Per quanto riguarda la gestione della tracheotomia, lo specialista otorinolaringoiatra esegue
un controllo ed eventuale sostituzione della cannula tracheale una volta al mese. Nel caso
il paziente sia a casa propria, l’AUSL fornisce direttamente a domicilio tutti gli ausili necessari per la gestione della tracheotomia, oltre a garantire anche la reperibilità del tecnico
della ditta appaltatrice per affrontare le situazioni più delicate. Alla sostituzione periodica
della cannula provvede direttamente lo specialista ORL individuato nel PDTA. Lo specialista, infatti, si reca a domicilio del paziente portando con sé la cannula tracheale che è
fornita, previa richiesta, dal Dipartimento Farmaceutico dell’AUSL. Per i pazienti residenti
in struttura la cannula è richiesta dalla struttura stessa sempre al Dipartimento Farmaceutico
dell’AUSL. In entrambi i casi è lo specialista ORL a stabilire la tempistica di sostituzione
della cannula tracheale in base alle necessità cliniche e d’assistenza dei singoli pazienti, che
nella maggior parte dei casi necessitano di ventilazione meccanica invasiva. Il percorso così
strutturato è espressione della forte collaborazione e integrazione tra Ospedale (U.O.C. Otorinolaringoiatria), Dipartimento Cure Primarie (U.O. Gestione Territoriale della non Autosufficienza) e Dipartimento Farmaceutico (U.O.S.D. Dispositivi Medici). L’individuazione
di uno specialista ORL unico presenta il vantaggio di assicurare la continuità assistenziale
ed evita il trasporto dei pazienti non autosufficienti in Ospedale per la sostituzione della
cannula. L’organizzazione di questo percorso presenta, come già detto in precedenza, dei
vantaggi economici di contenimento della spesa per l’AUSL in termini di fornitura delle
cannule tracheale a costo ridotto ed anche del trasporto a carico della struttura o dell’utente.
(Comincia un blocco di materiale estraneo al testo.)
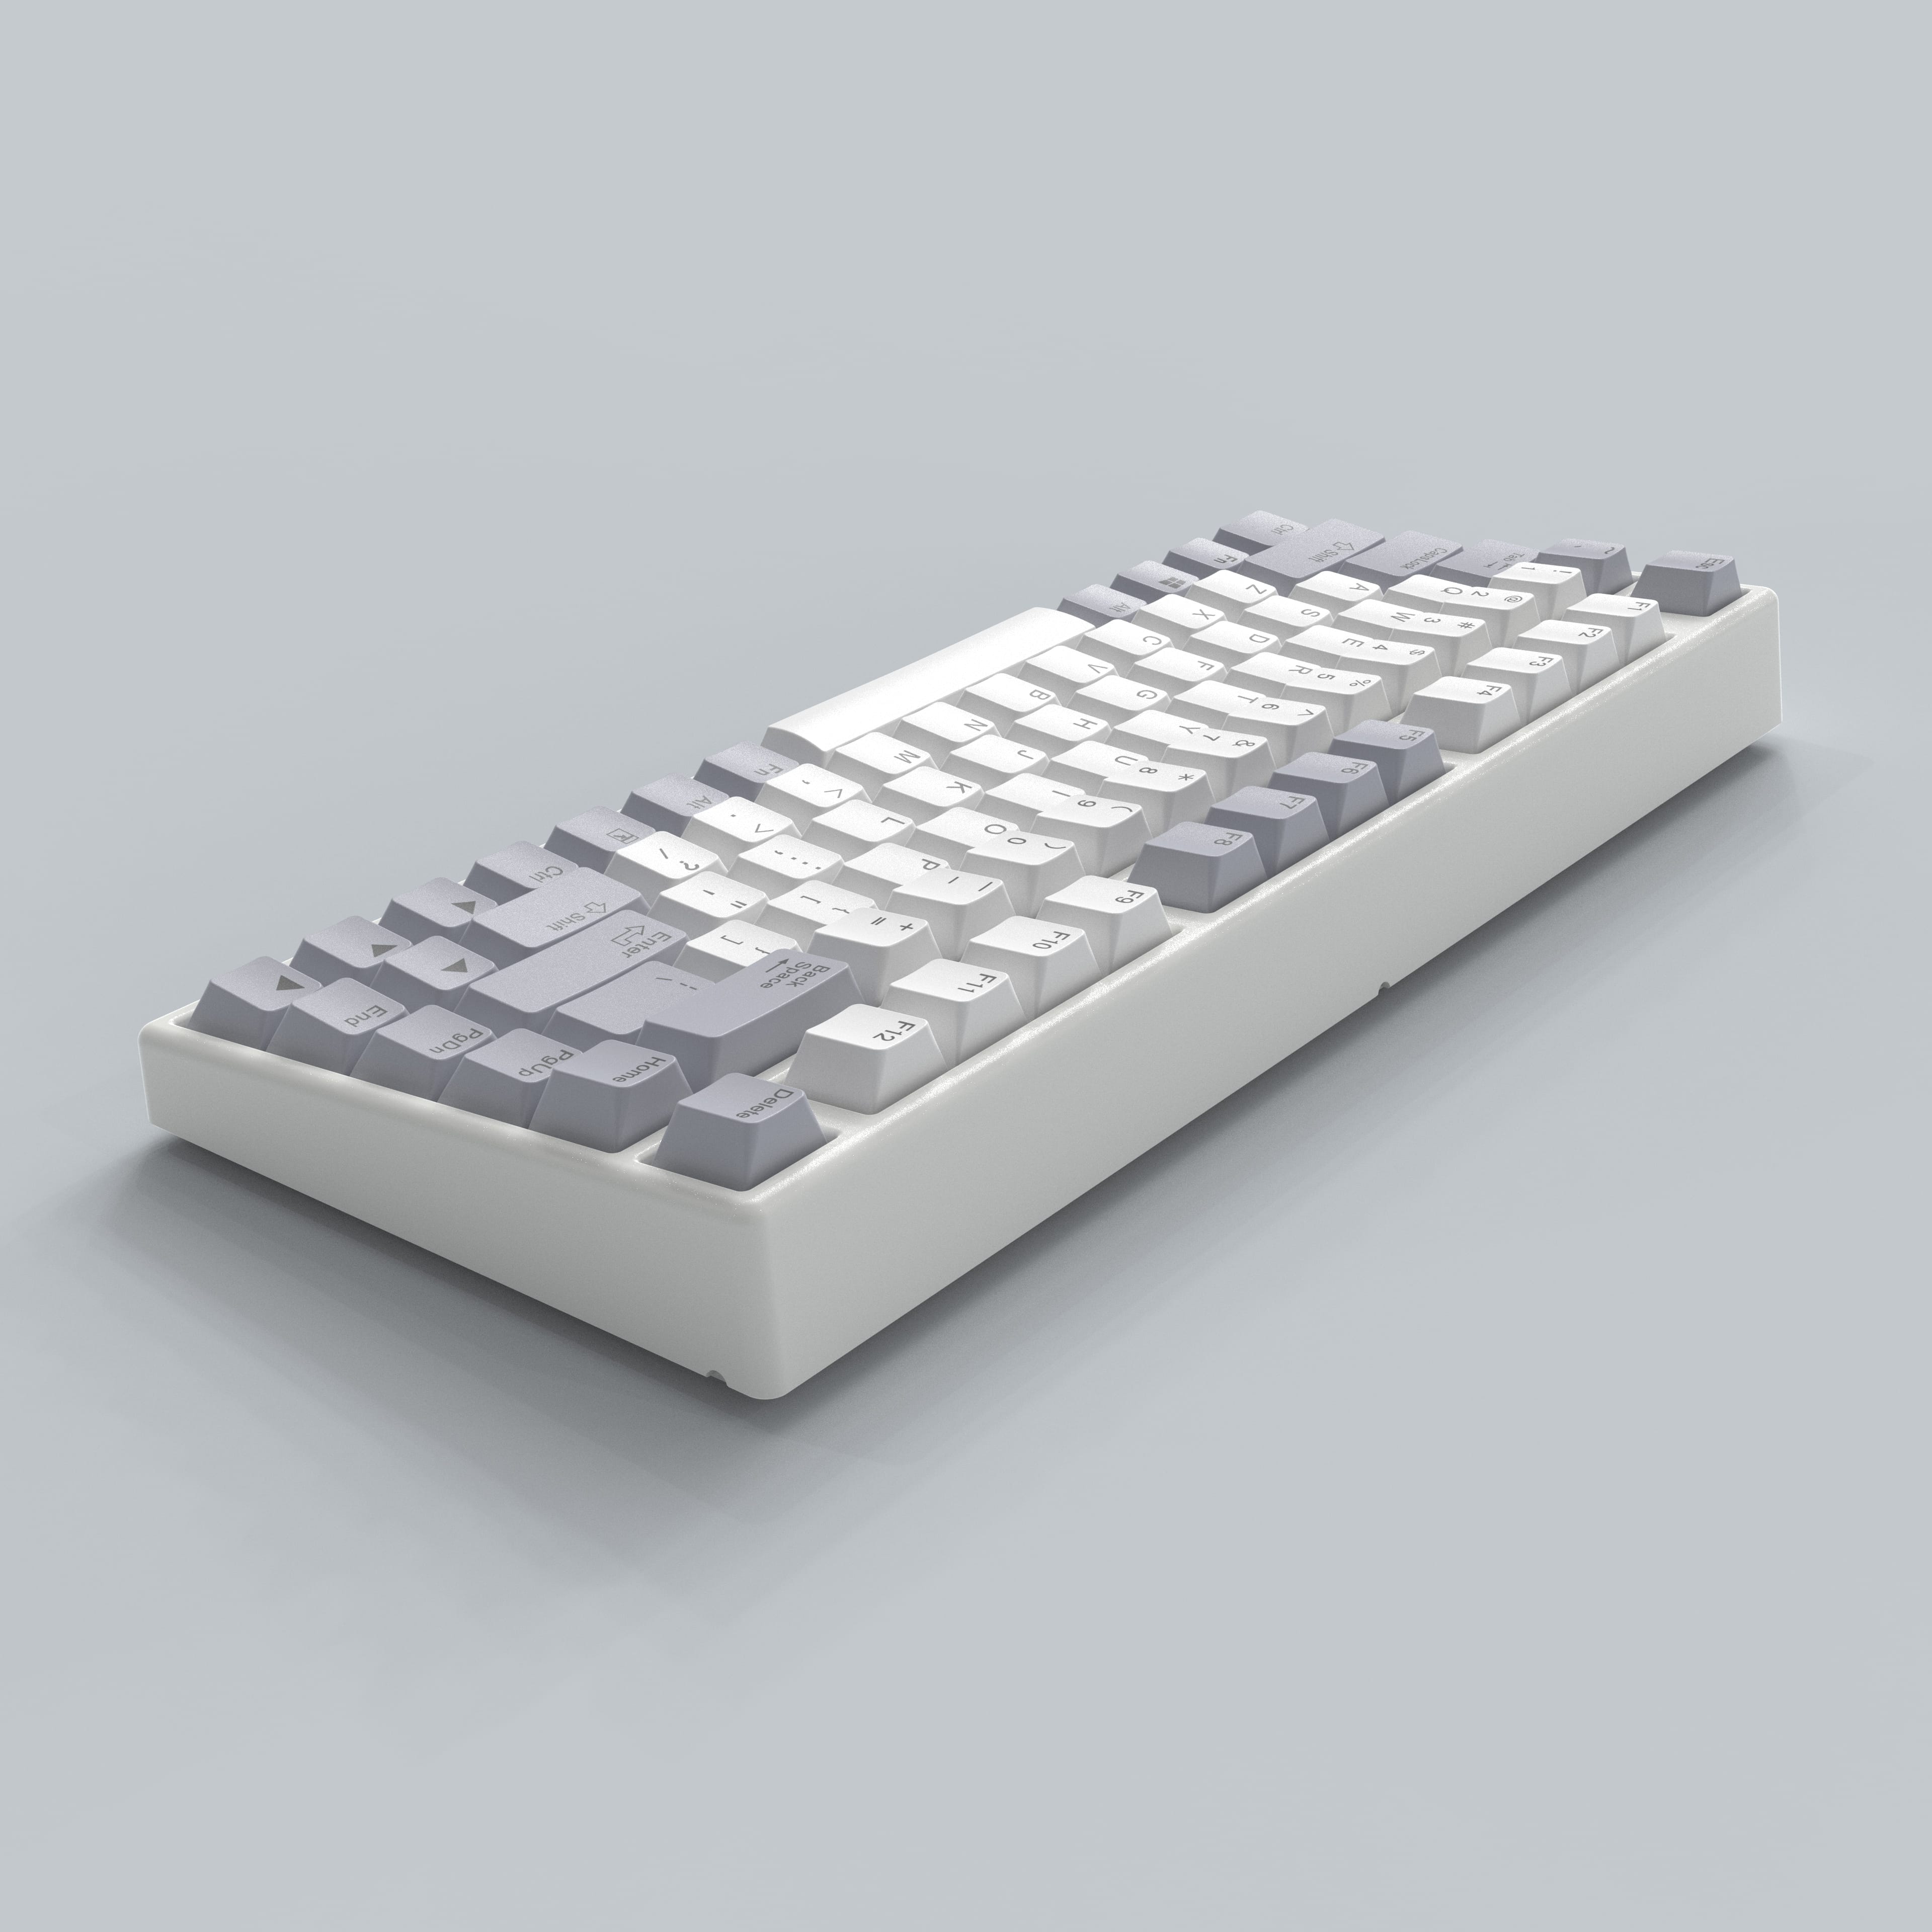 NIZ Keyboard MICRO 84 Capacitive Keyboard
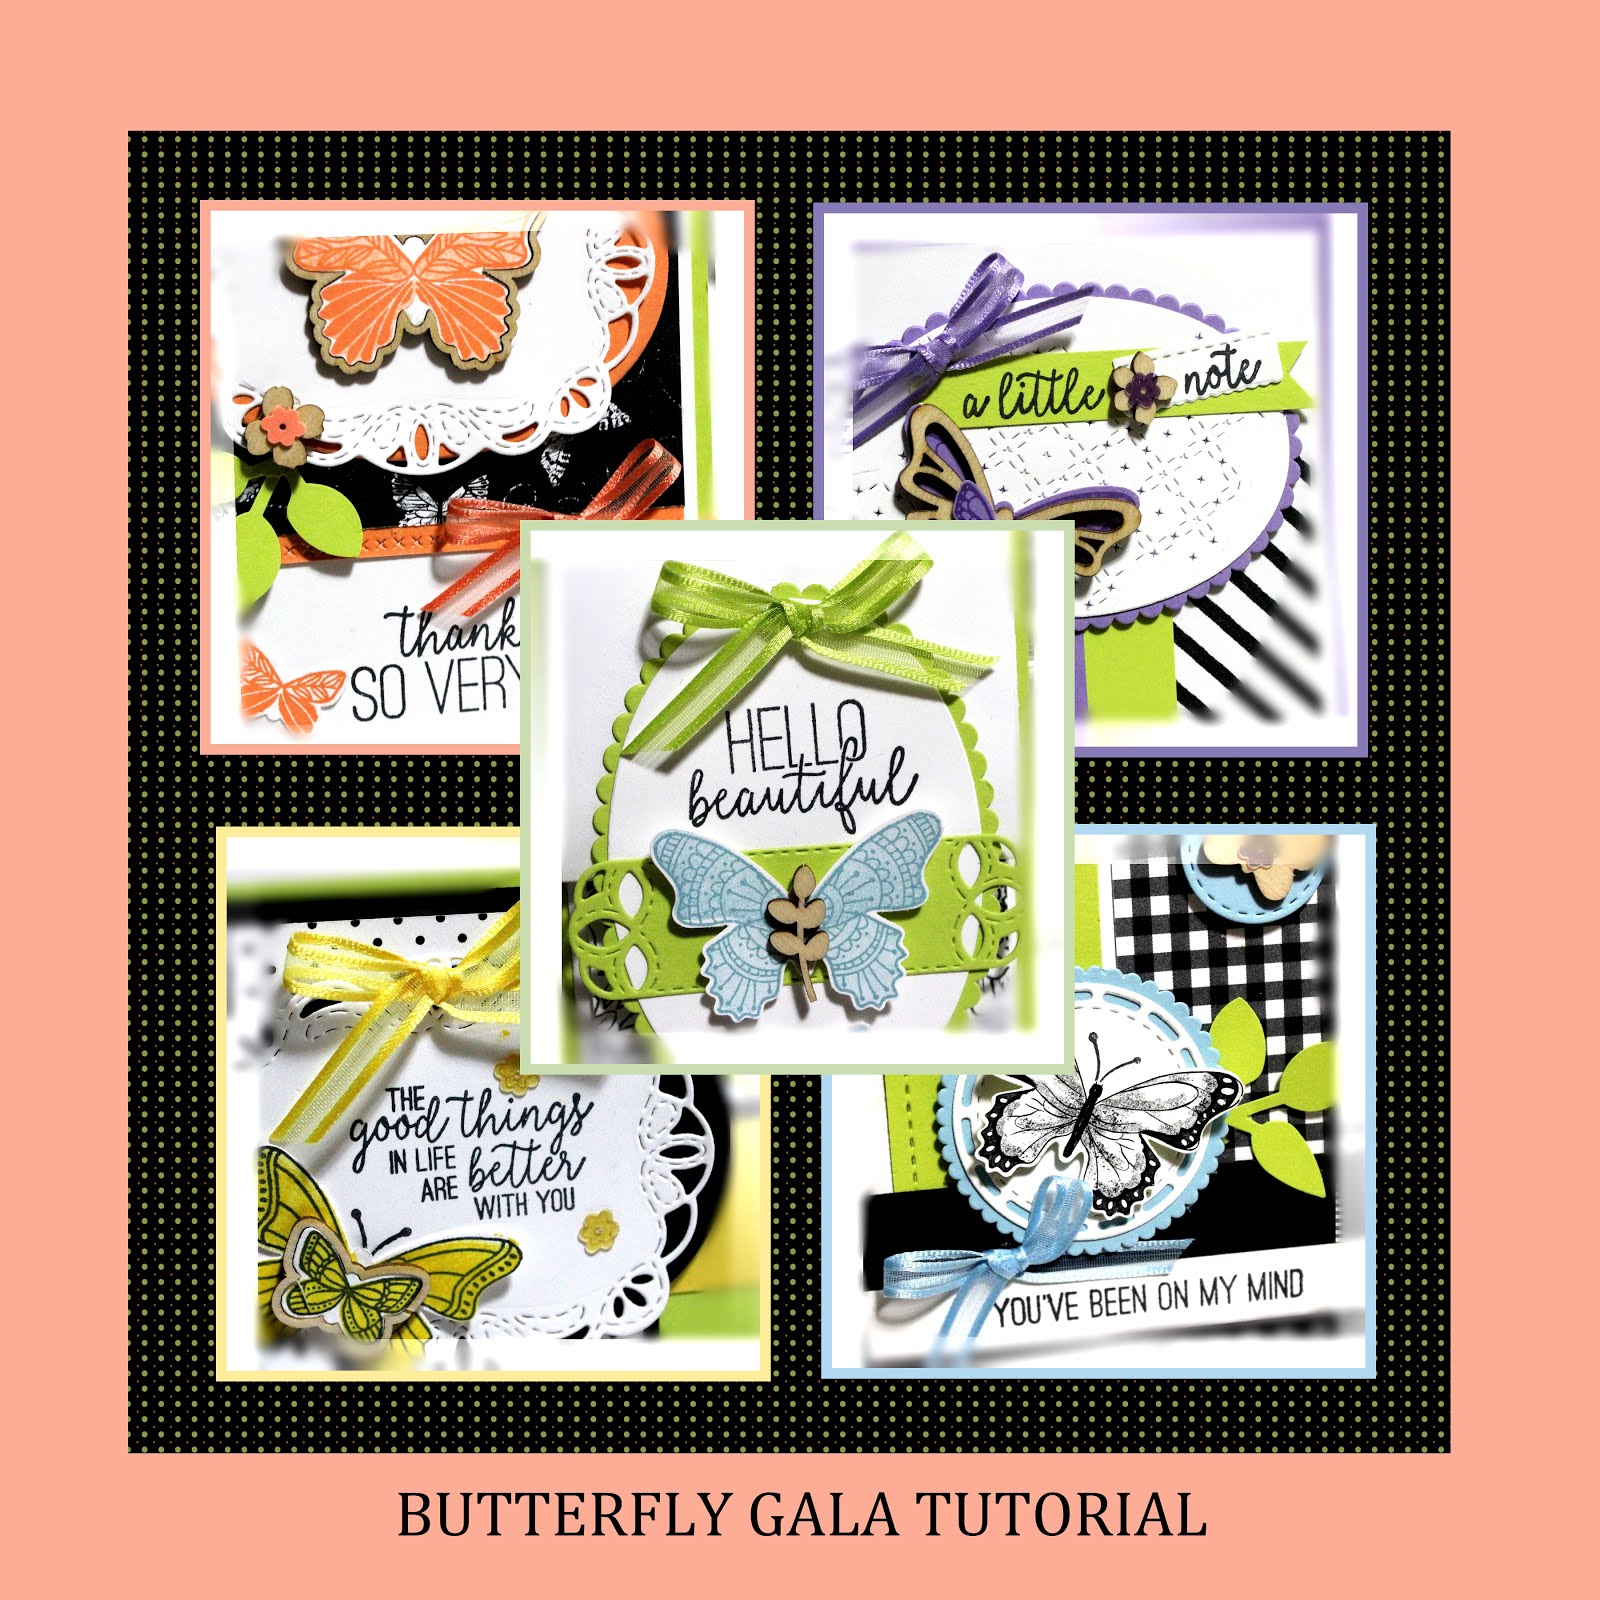 February 2019 Butterfly Gala Tutorial

In conclusione l’Azienda ha ritenuto, nella strutturazione dei percorsi per pazienti con bisogni complessi (tra i quali l’essere portatore di tracheotomia è certamente un esempio), di
non adottare una visione settoriale per ambiti o setting assistenziali, ma di assicurare, oltre
alla necessaria competenza tecnico-professionale dei propri operatori e indipendentemente
dal luogo di cura, una valutazione complessiva di tutte le tipologie di bisogno (clinico, assistenziale, riabilitativo, tecnico), in un’ottica di supporto alla persona e alla famiglia.
Bibliografia
1. Atto Aziendale AUSL di Piacenza, prima parte, par. 2
2. Ibidem, seconda parte, par. 8.1
3. Ibidem, seconda parte, par. 8.3
4. Ibidem, seconda parte, par. 8.6
5. Ibidem, seconda parte, par. 8.5
6. Rif. DGR 2068/04 e s.m.i., che DGR individua come tali le gravissime cerebrolesioni acquisite, le
gravissime mielolesioni, gravissimi esiti disabilitanti di patologie neurologiche involutive in fase
avanzata (ad esempio Sclerosi Laterale Amiotrofica, Coree, etc.)